花の香り
「話が一段落した所で悪いのだが」
雫が一度咳払いしてから話しかけてきた。
「事件の捜査はどうなったのだ? 当然蓮くんの動機など追及したのだろう?」
「ああ、それか」
そこまで話は進んでいなかったので、まだ触れていなかった部分だ。
「まず、寧の回復を待ってから事情聴取を行った。一番の当事者だからな」
蓮の目的は寧の殺害。そのために奴は寧を氷見山公園まで連れ出して犯行に及んだ。職員の証言から寧が自らの意思で蓮に同行したことは判明していた。何故、蓮と共に本部を抜け出したのか。その点について詳細な証言を求められた。
寧が言うにはこうだ。
試合の前から気分を悪くして、休憩時間中は控室で休んでいた。そこへ蓮が一人だけ戻ってきた。どうしたのかと訊けば“紫が寧の様子を心配していた。傍についてあげたいが急な用事が入って行けないので、自分が代わりに行くことにした”と答えたという。
寧が承諾するとさらに“氷見山公園で気晴らしに散歩しないか。気分が悪いのは緊張が原因だろうから歩けば良くなると思う。近場なので時間もかからない”と誘ってきた。寧はその案に乗ることにした。この時、俺たちに連絡することは考えなかったらしい。
そして、園内を散歩している途中、例の遊歩道へと進み……事件が発生した。
「電話に出なかった件は?」
「マナーモードにして気づかなかった、だと」
だが、紫はこの証言に対して異を唱えた。彼女は寧の手当をしている時に、妹のスマホを調べていたのだ。寧が故意にコールを無視したのかどうか確認したかったらしい。その際に寧のスマホがマナーモードに設定されていなかったのを確認したと証言した。
「それで?」
「本人は“鞄に入れていたから聞こえなかったんだろう”とさ」
他の小物に音が遮られたためコール音が聞こえなかったのだと寧は弁解した。
正直に言えばこれは嘘だと思っている。
事件前から寧の様子には不審な点はあったが、あれは体調を崩していたからではなく別の理由が存在していたからに違いない。それに蓮が俺たちを先にレストランへ行かせたのも寧を連れ出すためだ。あの二人は試合前に二人きりになっていた時間があった。寧の様子が一変したのもその後だ。二人は本部を抜け出して氷見山公園へ赴くことを、あの場で決めたのではないだろうか。

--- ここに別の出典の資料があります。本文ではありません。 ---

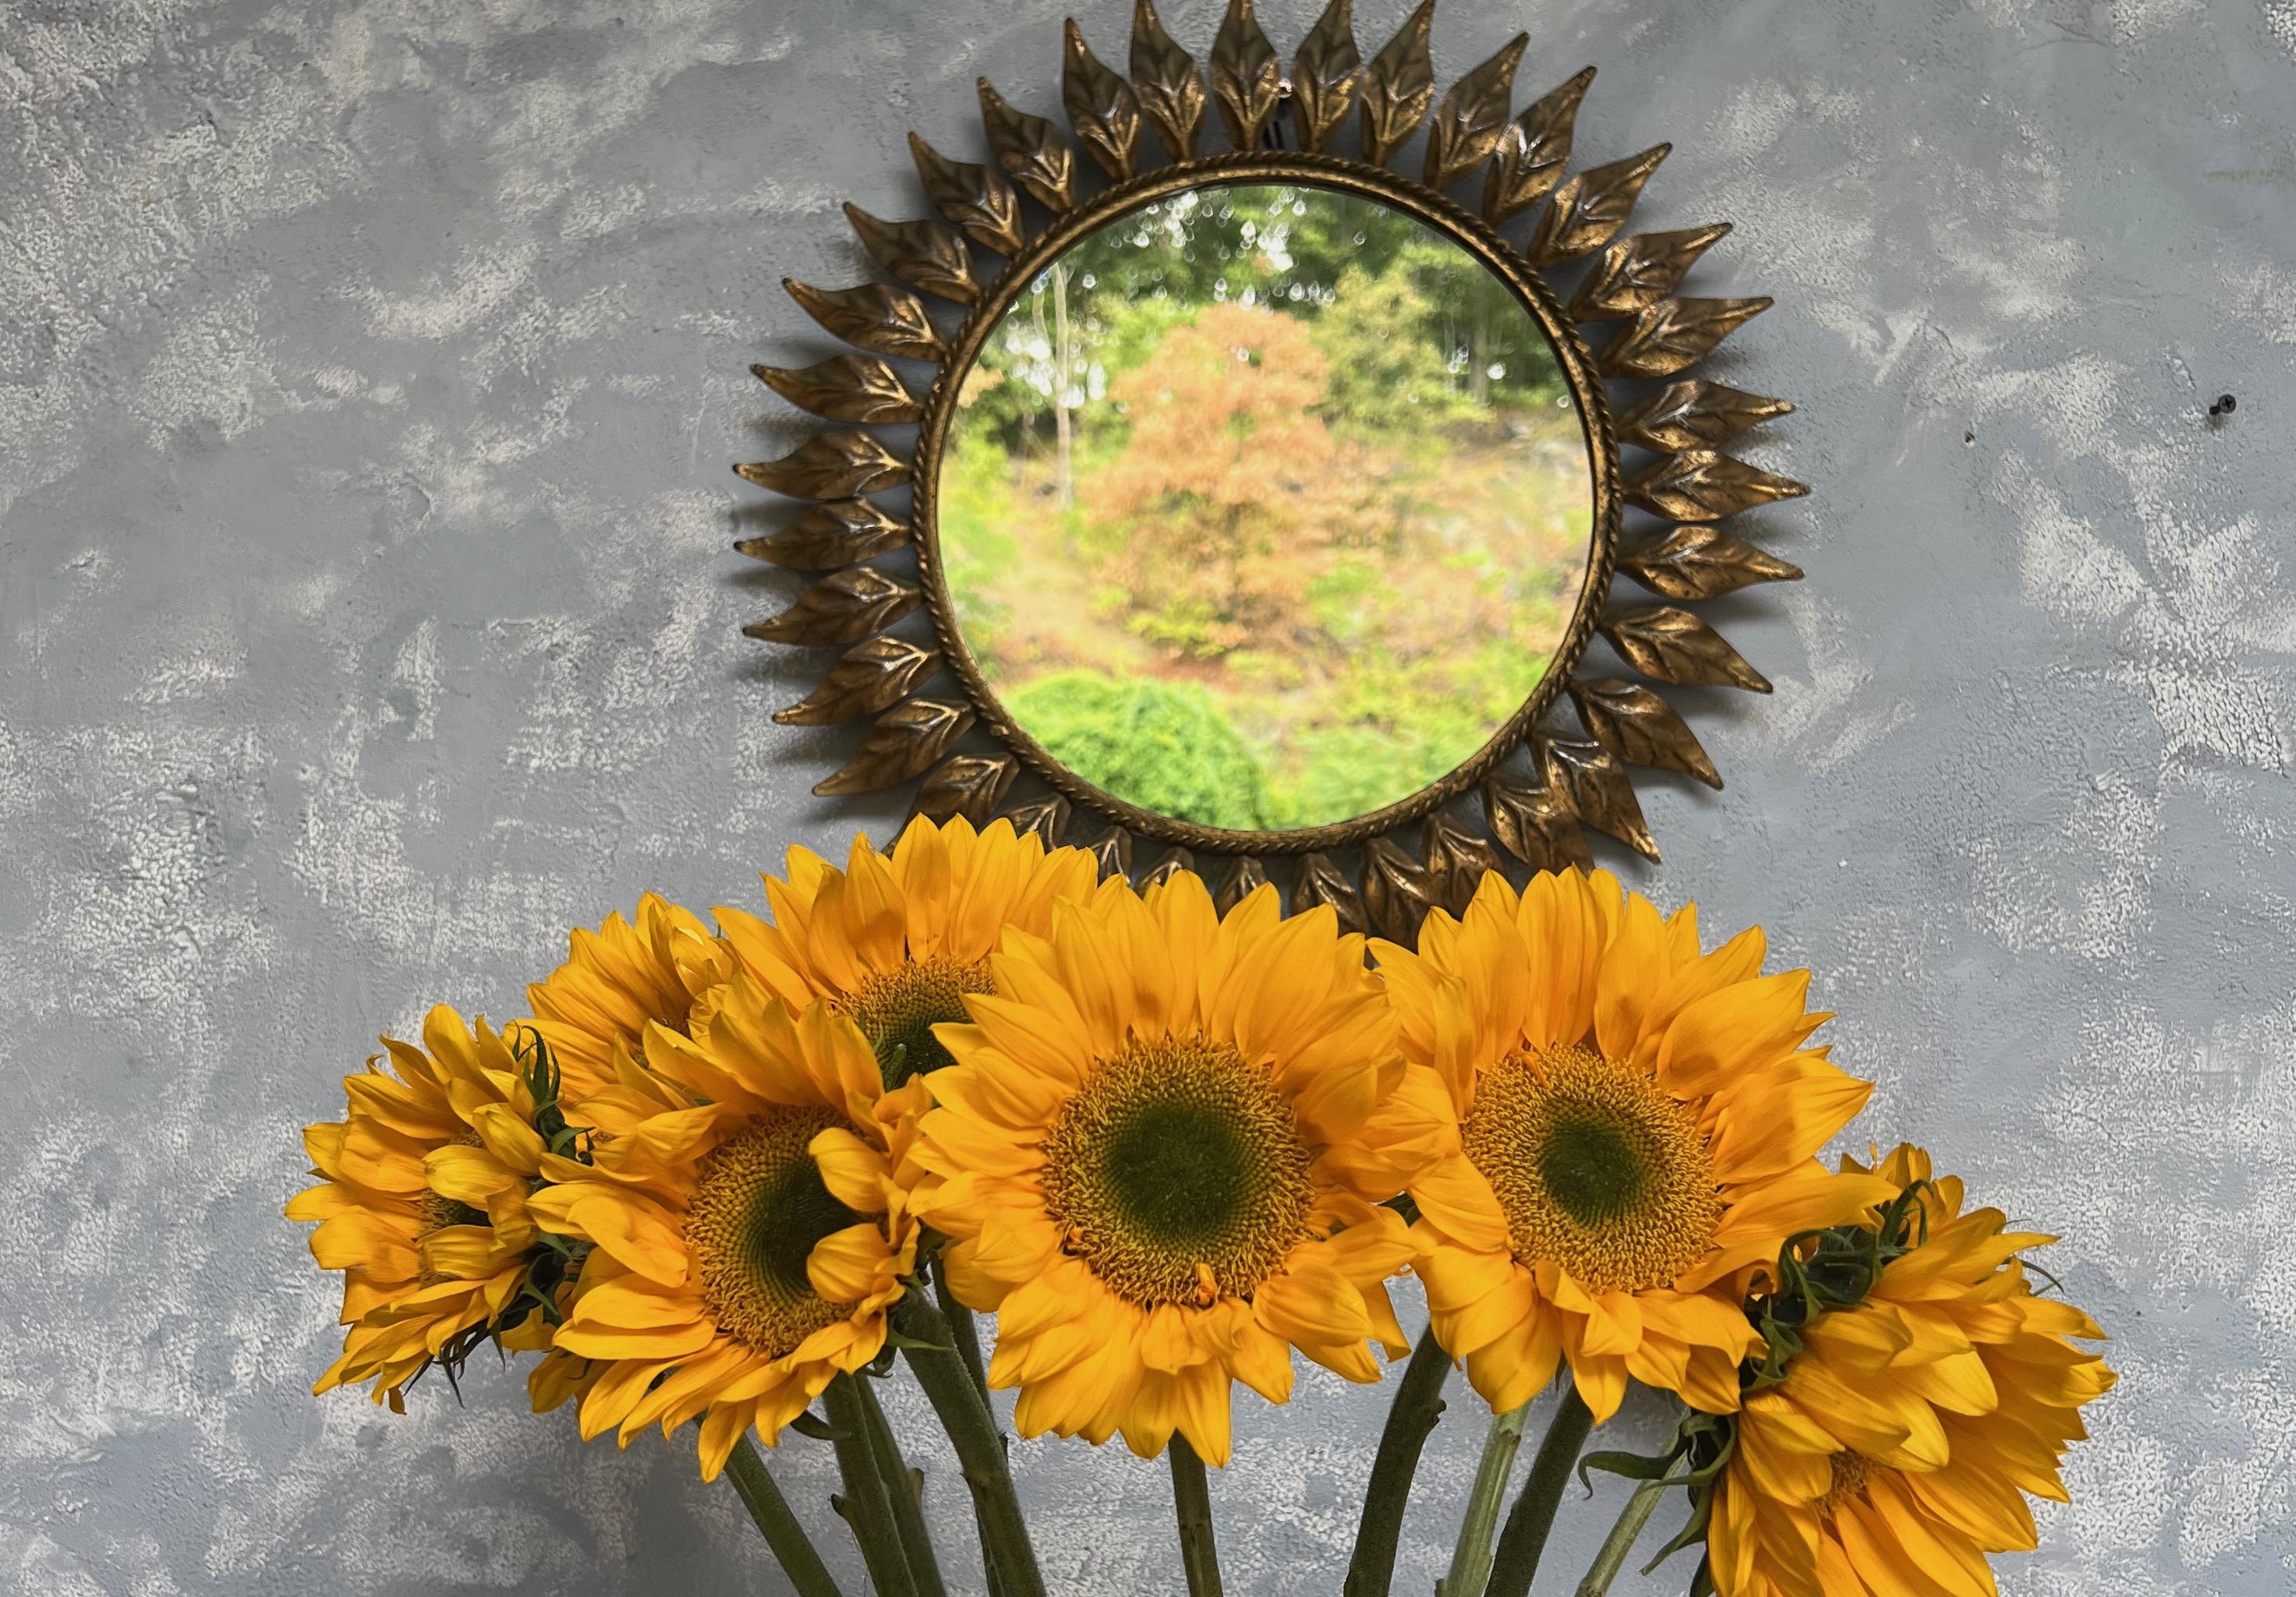 A Spanish 1950s sunburst mirror with tightly placed leaves or rays. This stunning Spanish sunburst mirror from the 1950s exudes whimsy and elegance. The tightly placed leaves or rays that emanate from its center create a sense of energy and

誰にも行先を告げなかったのも、電話を無視したのも、他の誰かに邪魔されたくなかったから。仮にこの推理が正しいとするなら、二人は何をしようとしていたのか?
「しかし――事件後のごたごたのせいであの子の真意を追及するのは有耶無耶になってしまった」
「ごたごた……ですか?」
呆れた口調の凪砂さんは不満げに鼻を鳴らした。
「由貴が今この家には住んでいないということはもう知っているかな?」
「はい……何かトラブルがあって家を離れたとか」
「その原因が蓮の事件にあるんだ」
雫が驚いた顔で俺に視線を向けてくる。俺はそれに頷きを返した。
「捜査を進める内に困った事実が明らかになってしまったのさ。それなんだが……このことは流石に部外者の雫さんに話すのはまずいかな?」
「いえ、もう隠す必要はないでしょう。今では対策がありますから」
『同盟』内部にも知られている話であるし、調べようと思えばすぐにでも探りだせる内容だ。不用意に口外すべきではないが隠し通すほどでもない。

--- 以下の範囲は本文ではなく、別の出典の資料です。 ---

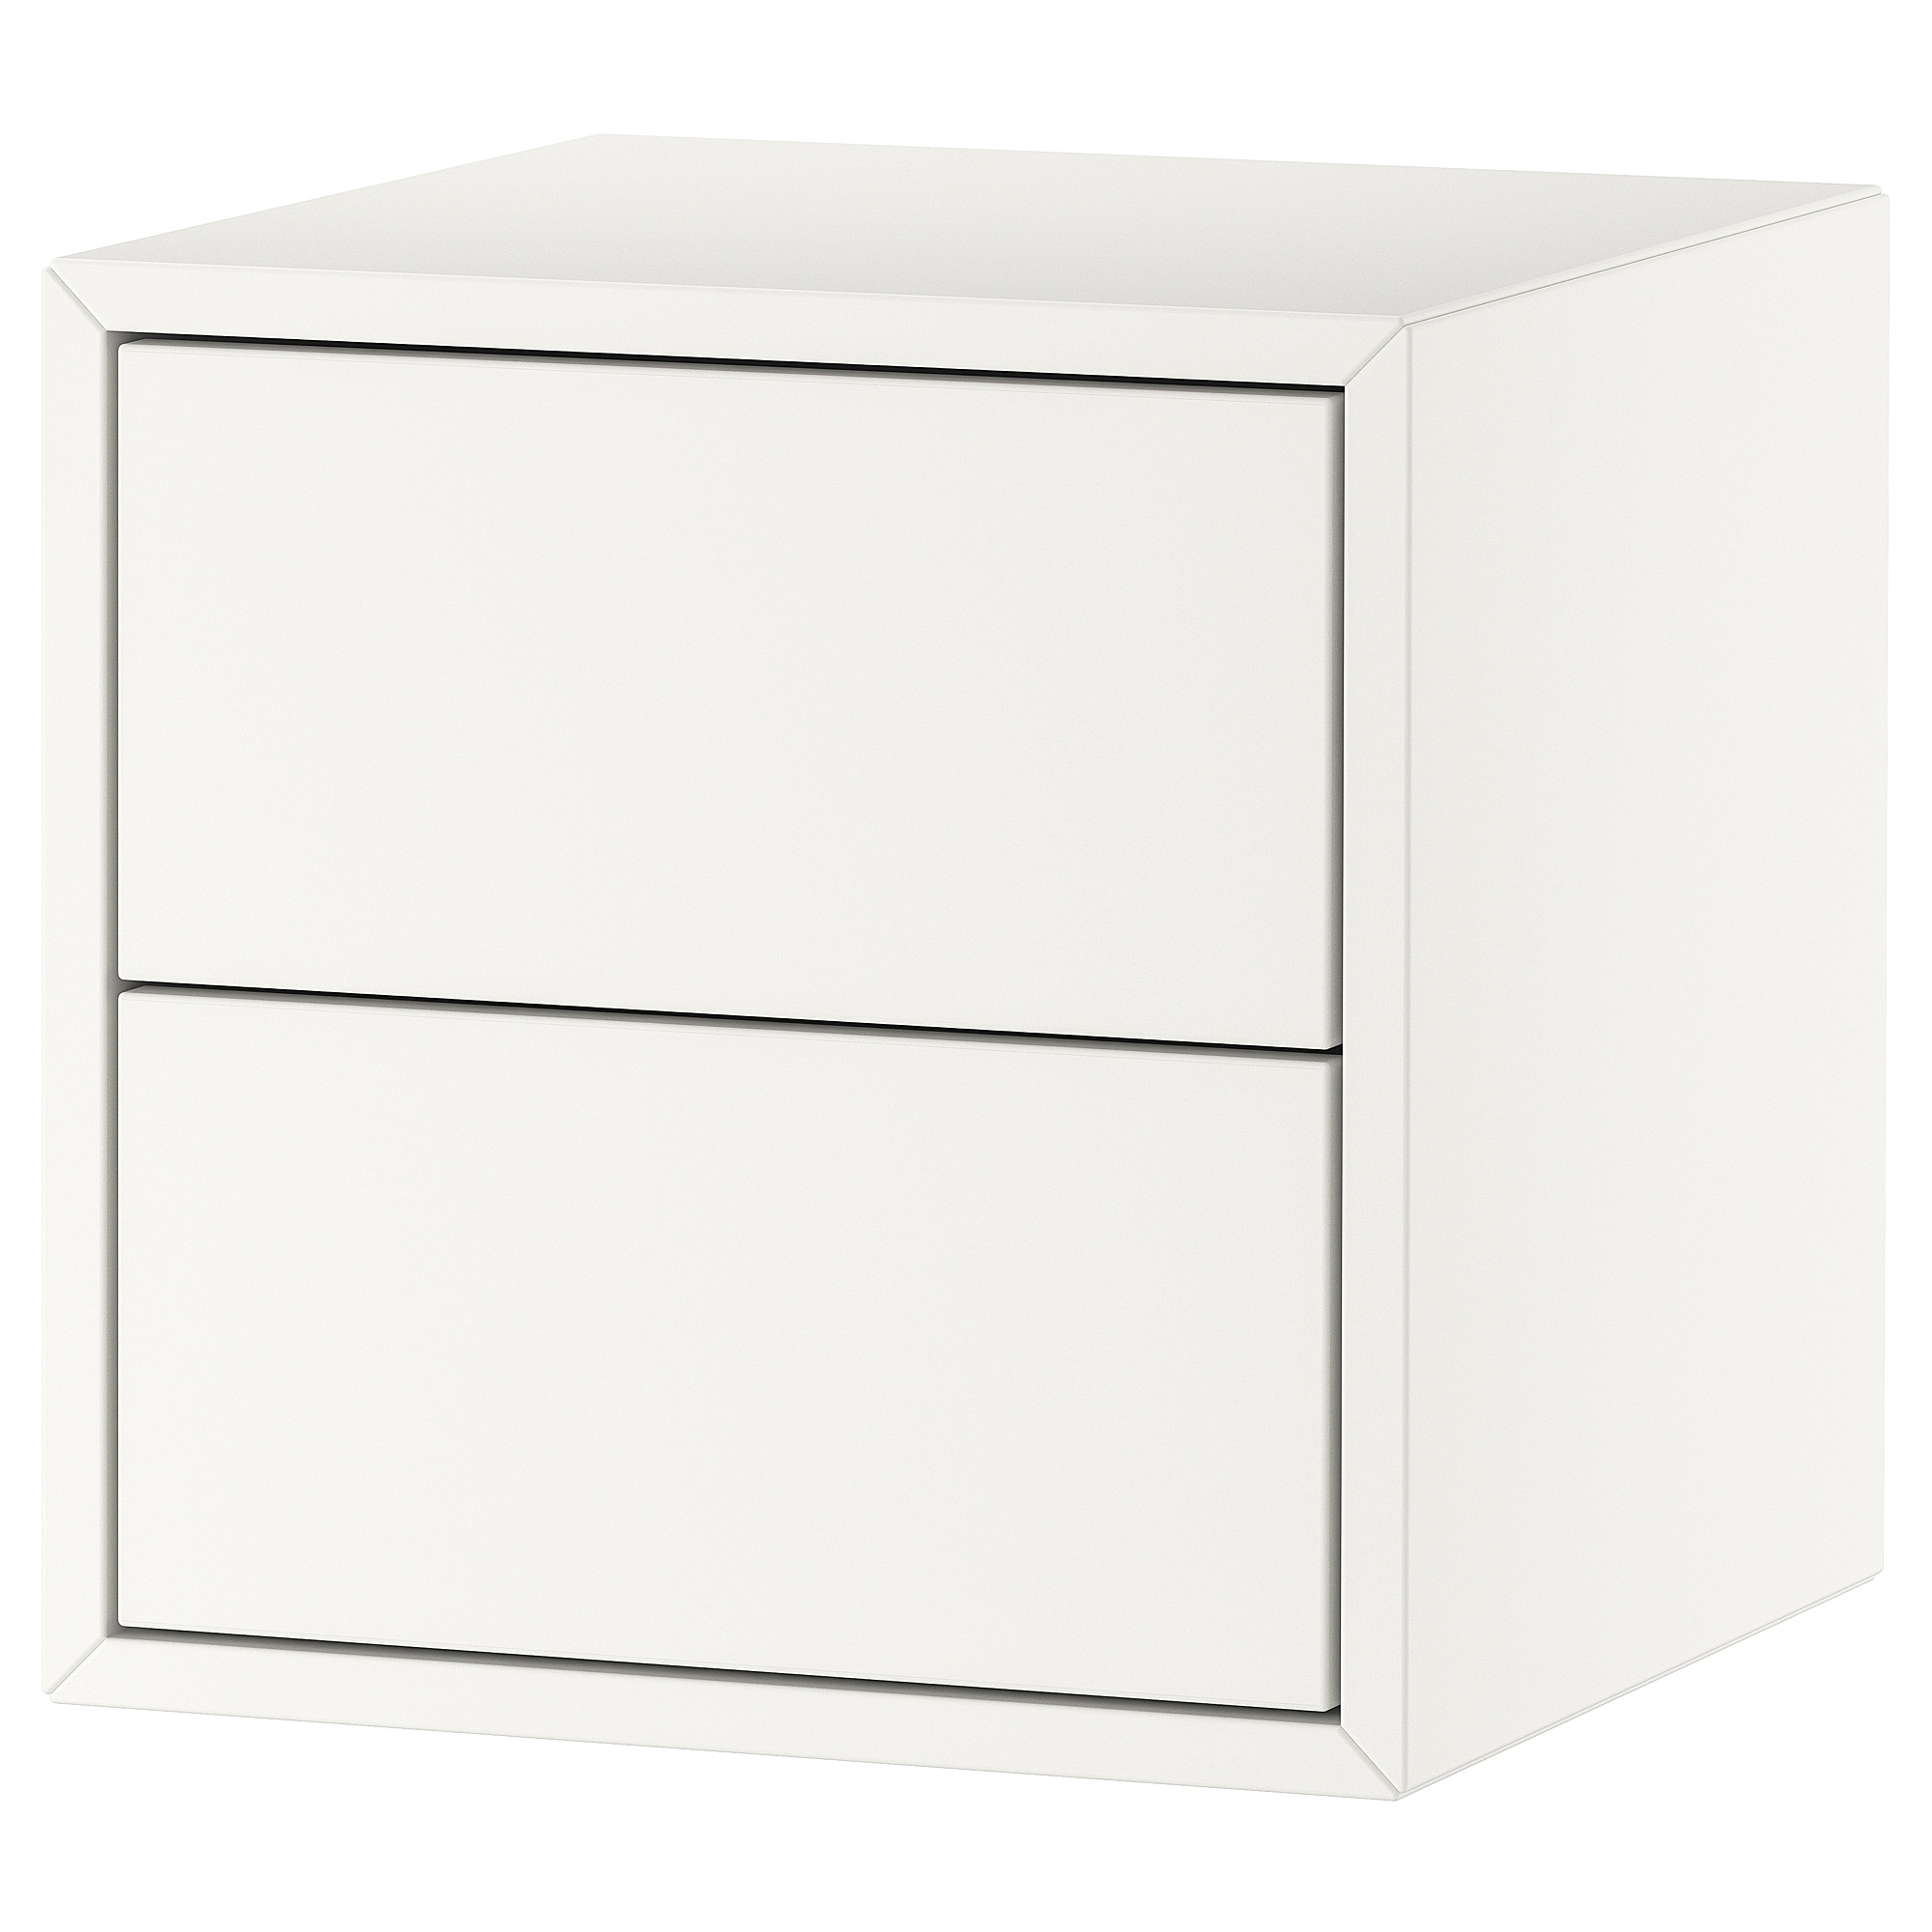 EKET wall cabinet with 2 drawers

「蓮に撃たれた時について寧に事情聴取したところ、当時の状況が鮮明になった」
まず、遊歩道を進み橋の辺りにまで差しかかったところで蓮が誰かに見られているような気配を感じたと言い出した。蓮は“もしかすると異界の入口が開いて魔物が出現したかもしれないので、気配を感じた方角を調べてみよう”と提案した。寧はすぐさま同意して二人で林の中へと足を踏み入れた。そして、寧が周囲の警戒をしながら蓮と話していると、奴が銃口を向けてきたという。
ここで一つの疑問が浮かび上がった。現場検証及び蓮の遺体の検分を行ったところ、寧はあの場で一切“天候操作”を発動していないことが判明したのだ。つまり寧は完全に無抵抗のままだったということだ。
これは彼女をよく知る者からすれば考えにくい話だ。寧はたとえ攻撃を受けても決死の覚悟で反撃を試みる性格だ。苦悶に耐えながら蹲るだけなどあり得ない。
事情聴取をしていた捜査担当者もそのように考えた。そこで抵抗する気力が湧かなかったのかと疑問を投げかけた。
寧はこう答えた。
「“天候操作”を発動させようとしたら、ギルヘミアの香りが漂ってきて……それで眩暈がしたから何にもできなかったの」
ギルヘミアは異界から輸入された花の一種である。多年草で育てやすく人気のある品種で、ホームセンターの園芸用品売り場に行けば種を買うことができる。
寧は蓮に襲われた際にこの香りを嗅いだというのだ。
「何故ギルヘミアの香りがすると抵抗できないのだ?」
「実はな、寧はギルヘミアの香りがしたときはうまく能力を発動できないんだ」
「……何だと?」
雫の紅い瞳が大きく見開かれた。
「この事実を最初に知ったのは……俺と紫が小学校の五年生くらいのときだったかな」
俺は昔日の記憶を蘇らせた。
ある休日のことだった。俺、紫、寧の三人は庭へ出て能力の訓練をしていた。その頃は礼司さんからの言いつけで精密操作の訓練を重点的に行っており、その日も三人で実践と考察を繰り返しながら時間を過ごしていたのだ。俺は感情のエネルギーを様々な形状に変化させる訓練を、紫と寧は天候の素早い切り替えを訓練していた。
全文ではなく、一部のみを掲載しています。